Уверенность в его голосе побудила ее пристально вглядеться в него.
– Ты не хочешь ее видеть?
– Не теперь.
– Она просила меня, если я тебя встречу, передать тебе: будь осторожен.
Он молчал, по-прежнему глядя ей в глаза. У него, как она начала понимать, был дар молчания. Всякий раз, как он ни пожелает, оно струилось от него: усталое молчание вековых деревьев или вросших в землю камней. Оно измерялось его дыханием в его неподвижных, покрытых шрамами руках. И вдруг он пошевелился без единого звука, и молчание поплыло вместе с ним, когда он поворачивался, шагал к окну и вставал туда, где недавно стояла она, глядя наружу. На миг она задалась вопросом: а виден ли ему в ночи Хед?
– Я слышал молву о вашем странствии, – сказал он. – Как Тристан, Лира и ты, все вместе на корабле Мэтома украдкой выбрались ночью из Кэйтнарда, ослепили семь боевых кораблей Имриса вспышкой, подобной маленькому солнцу, как на медленной барке вы поднялись по разлившейся Зимней реке к порогу Высшего, чтобы вопросить его… И ты мне напоминаешь об осторожности. Что это был за свет, который ослепил даже Астрина? У торговцев появился повод для самых невероятных предположений. Даже я, многое повидавший, заинтригован.
Она хотела ответить ему, но остановилась:
– И к каким заключениям ты пришел?
Он обернулся и опять оказался рядом с ней:
– Что, вероятно, это сделала ты. Я вспомнил, что тебе удавались кое-какие мелочи.
– Моргон…
– Погоди. Я хочу сейчас сказать, что… Не важно, что еще случилось или случится, – для меня имело значение, что, пока я спускался с Исига, ты совершила это странствие. Я слышал твое имя снова и снова, пока шел. И еще имена Лиры и Тристан. Как неожиданные маленькие далекие огонечки.
– Она так хочет тебя видеть.
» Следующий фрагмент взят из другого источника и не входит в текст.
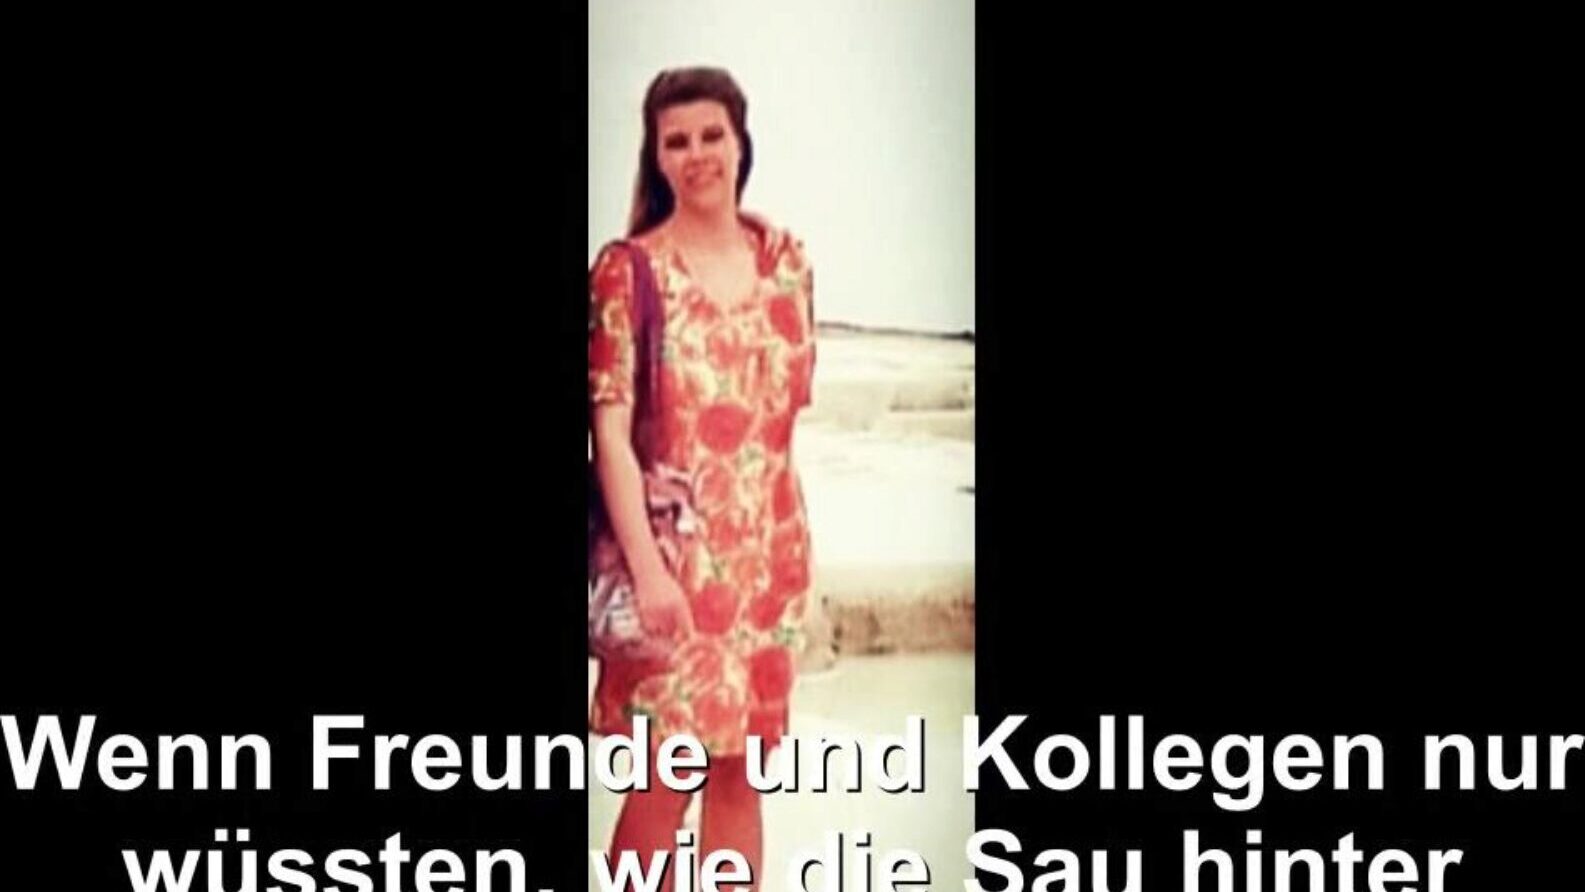 gospodină germană expusă, tub gratuit german hd porno bd vizionați gospodina germană expusă scena filmului pe xhamster, cel mai mare site de tuburi hd de dragoste cu tone de tuburi gratuite pentru toate soția germană germană și scene de film porno de casă

Ты бы не мог…
– Не теперь.
– Но когда? – сокрушенно спросила она. – После того, как ты убьешь Дета? Моргон, это будет на одного арфиста больше, чем допустимо.
Лицо его не изменилось, но глаза скользнули прочь, к некоему воспоминанию.
– Корриг? – произнес он миг спустя. – Я забыл о нем.
Она сглотнула комок, чувствуя, что это простое утверждение опять воздвигло между ними каменную плиту. Он загородился молчанием, как щитом, непроницаемым и непробиваемым; она призадумалась, скрывает ли оно кого-то совершенно чужого или кого-то, столь же ей знакомого, сколь и ее имя. Он смотрел на нее, стараясь прочесть ее мысли. Преодолев внутренний барьер, который разделял их, он на мгновение прикоснулся к ней. Тогда новое воспоминание, бесформенное, ужасное, хлынуло сквозь тишину в его глаза; он немного отвернул лицо, пока оно не угасло. И тихо сказал:
– Мне бы следовало не торопиться повидать и тебя. Но просто… Я хотел поглядеть на что-то очень красивое. На легенду Ана. На великое сокровище Трех Уделов. Чтобы знать, что ты все еще есть. Мне это было так нужно.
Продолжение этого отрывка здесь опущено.